▶ _PROBLEM TO WORK ON_:
Leave out the pictures and retype, exactly, the lines below from the line with "Magma MGA41104 DJ" up to and including the line with "20 ajuntaments del", nothing more.

▶ _EXERCISE DATA_:
● ● ● ● ● ● ●
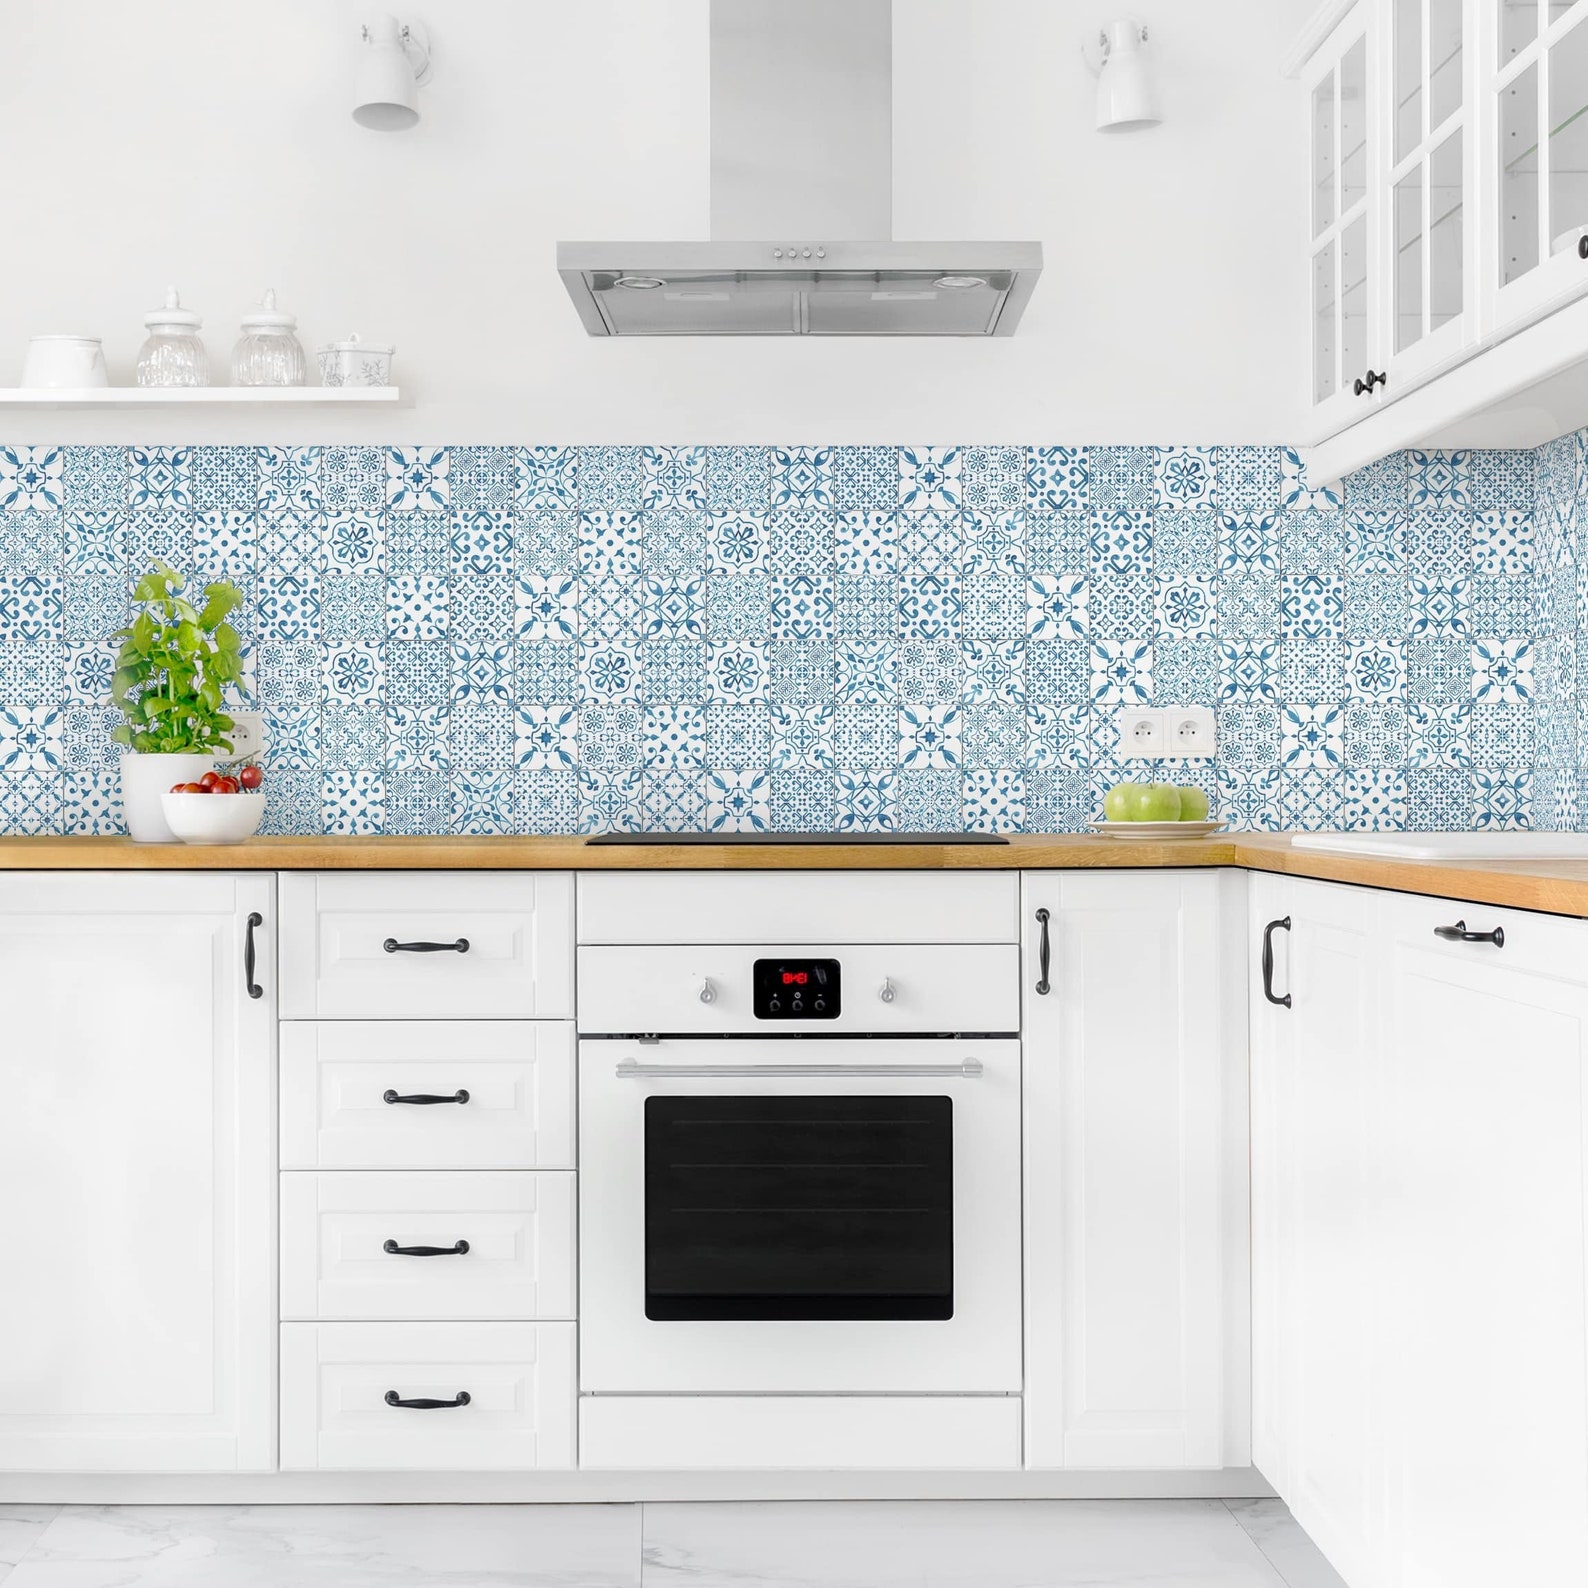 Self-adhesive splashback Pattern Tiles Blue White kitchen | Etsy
● ● ● ● ● ● ●
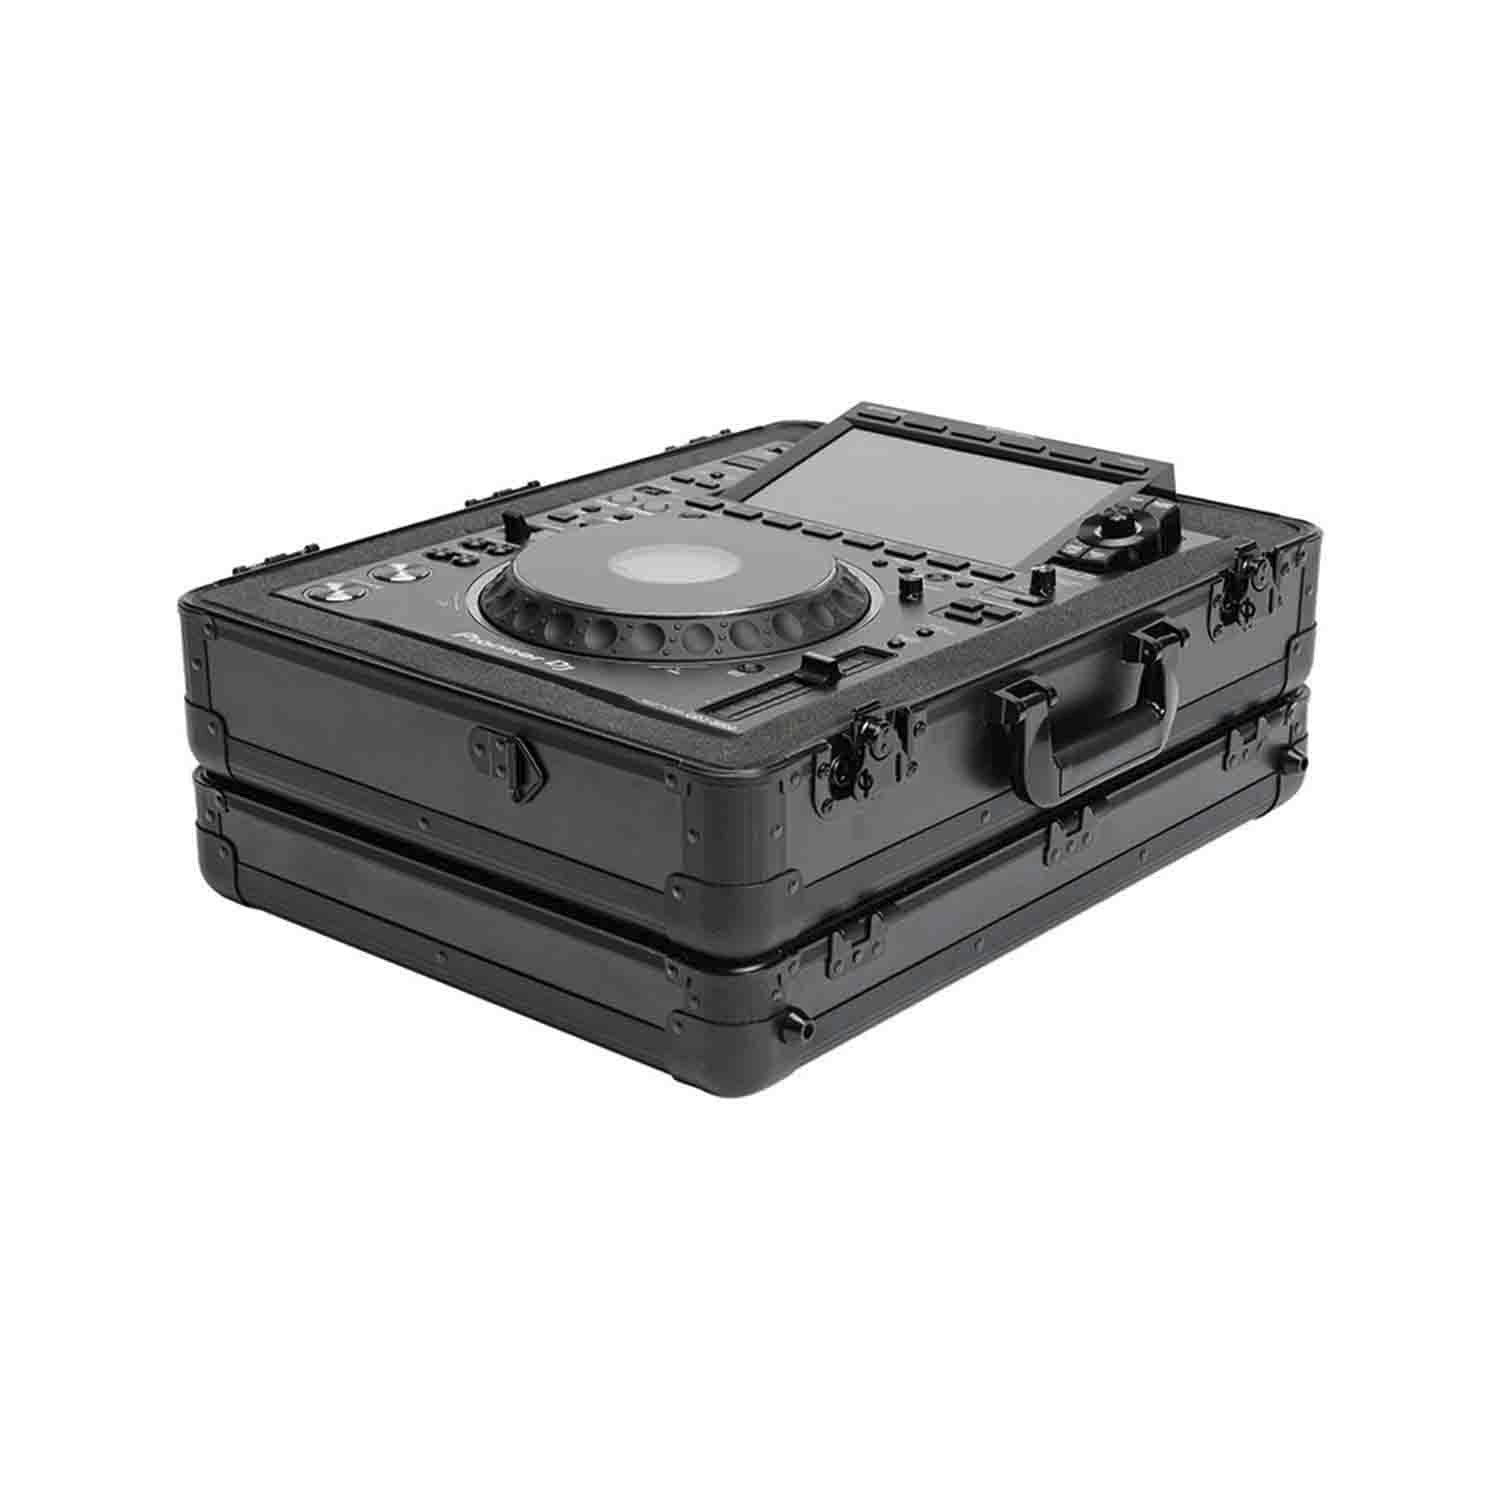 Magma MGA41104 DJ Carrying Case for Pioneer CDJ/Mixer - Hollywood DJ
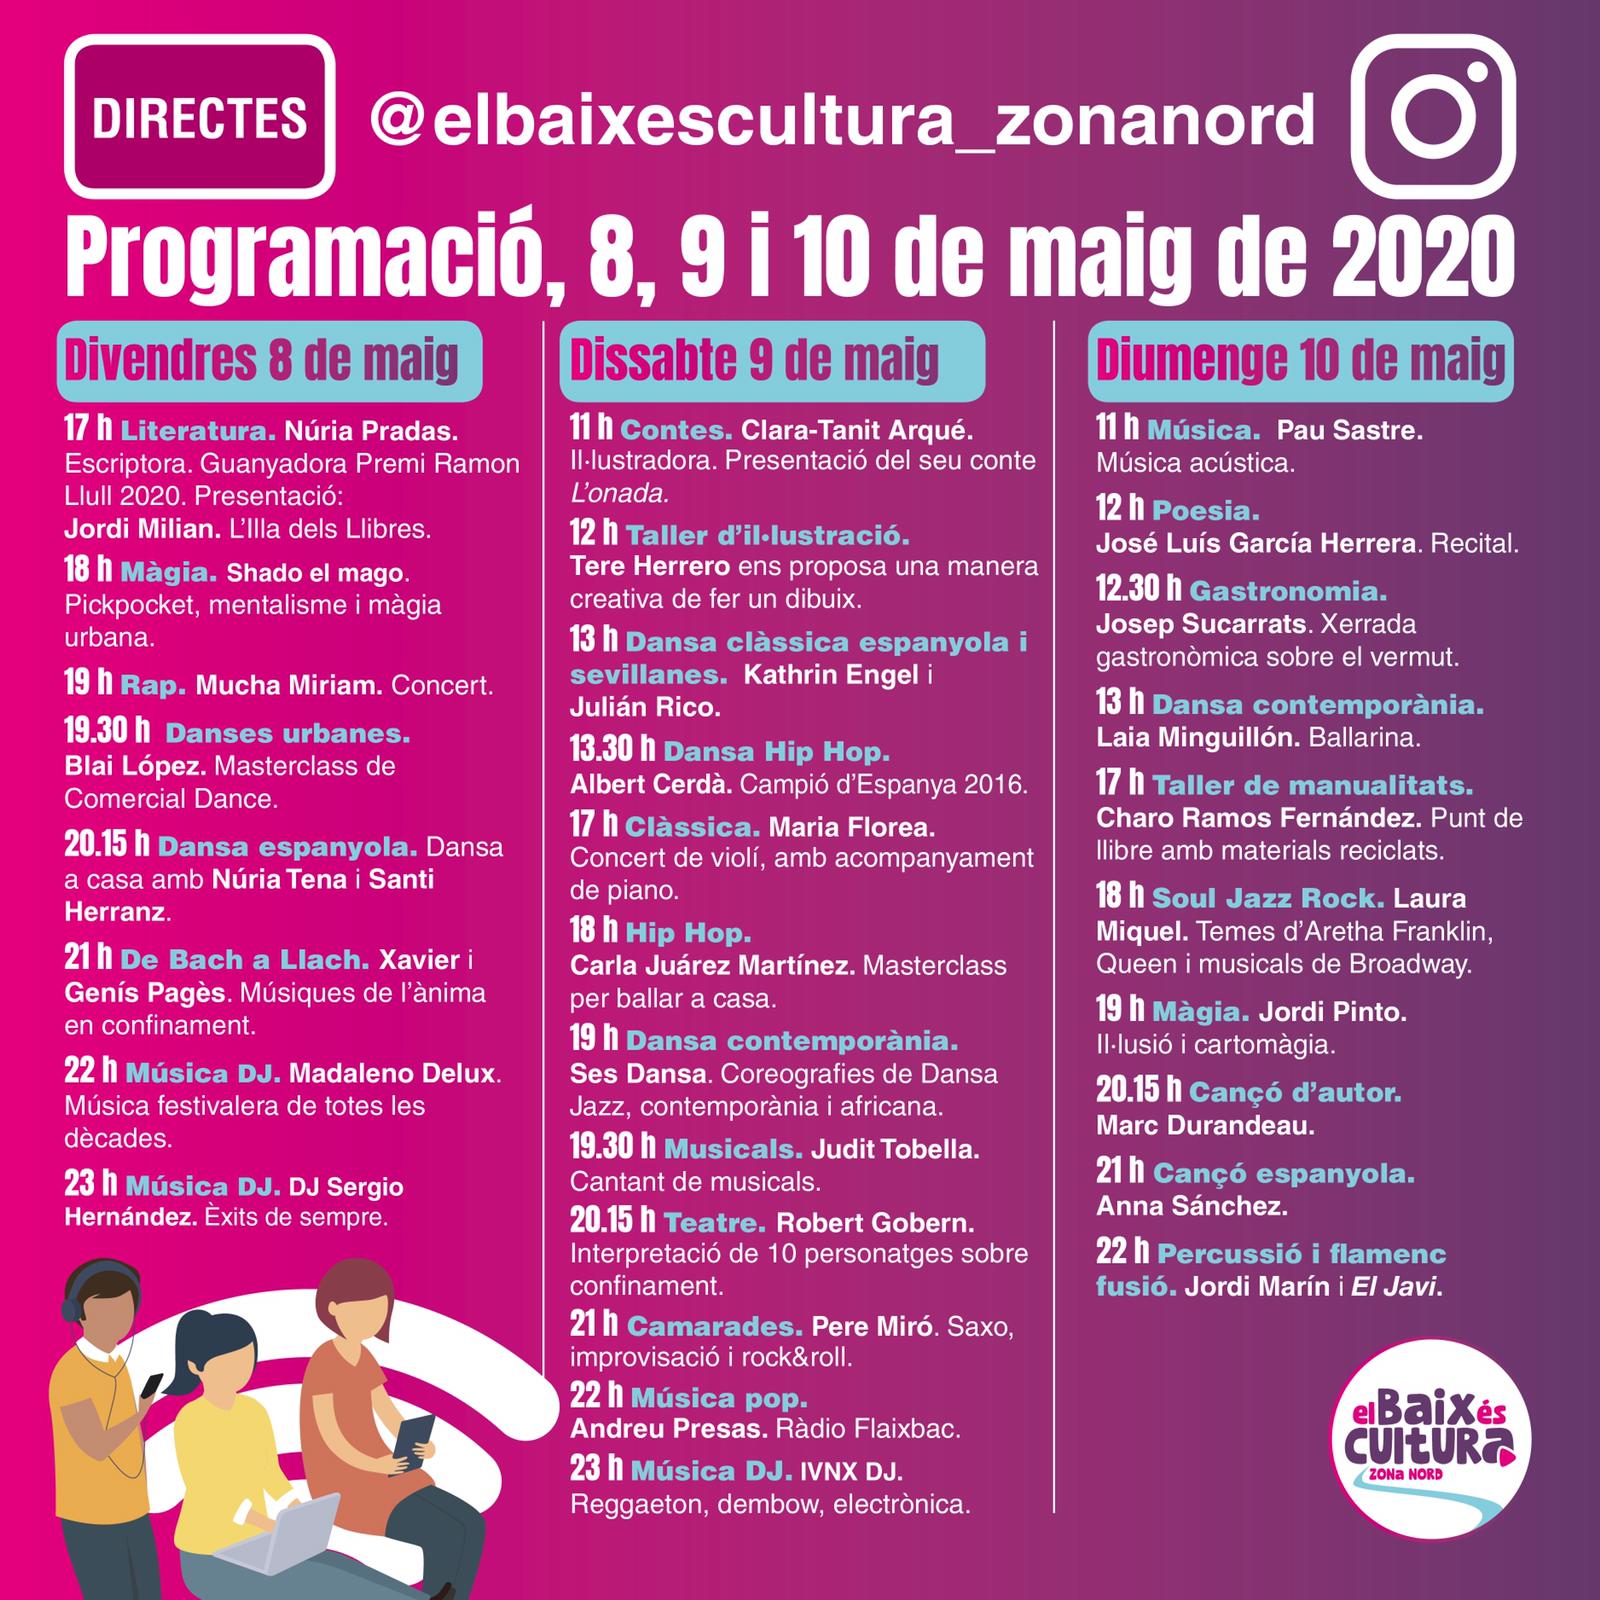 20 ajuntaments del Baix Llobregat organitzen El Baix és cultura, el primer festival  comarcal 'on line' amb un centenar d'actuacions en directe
● ● ● ● ● ● ●
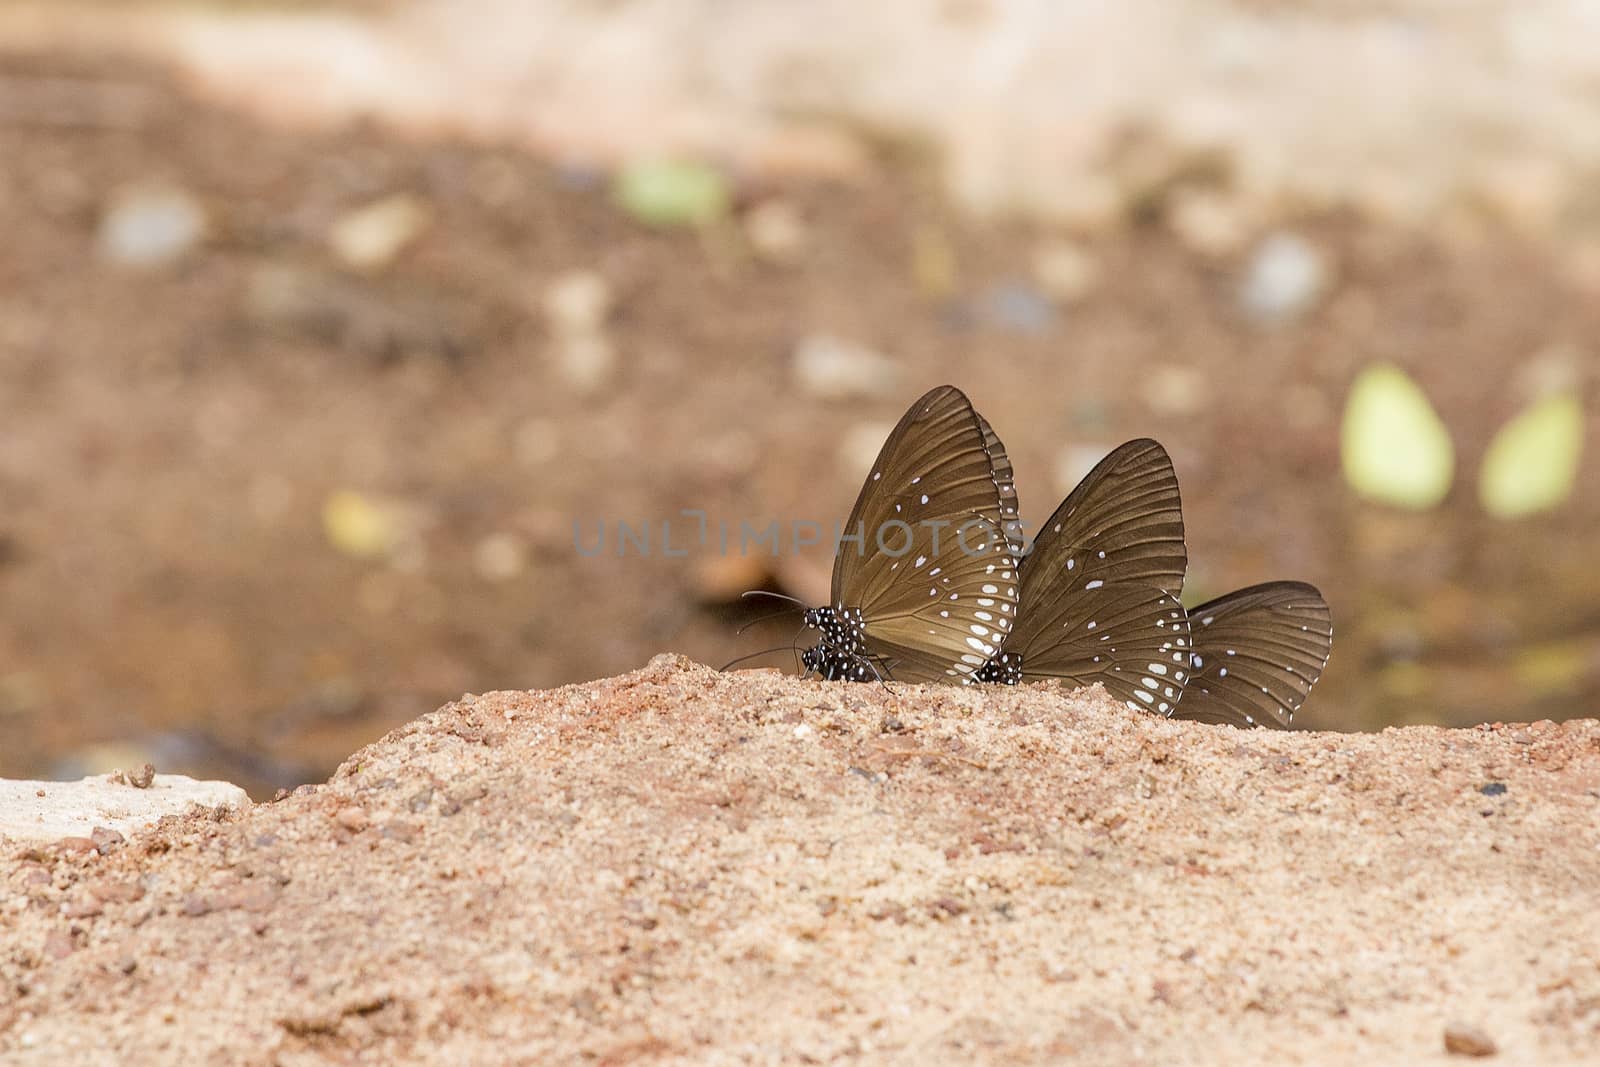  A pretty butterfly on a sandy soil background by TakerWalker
● ● ● ● ● ● ●
▶ _ANSWER BOX_:
 Magma MGA41104 DJ Carrying Case for Pioneer CDJ/Mixer - Hollywood DJ
 20 ajuntaments del Baix Llobregat organitzen El Baix és cultura, el primer festival  comarcal 'on line' amb un centenar d'actuacions en directe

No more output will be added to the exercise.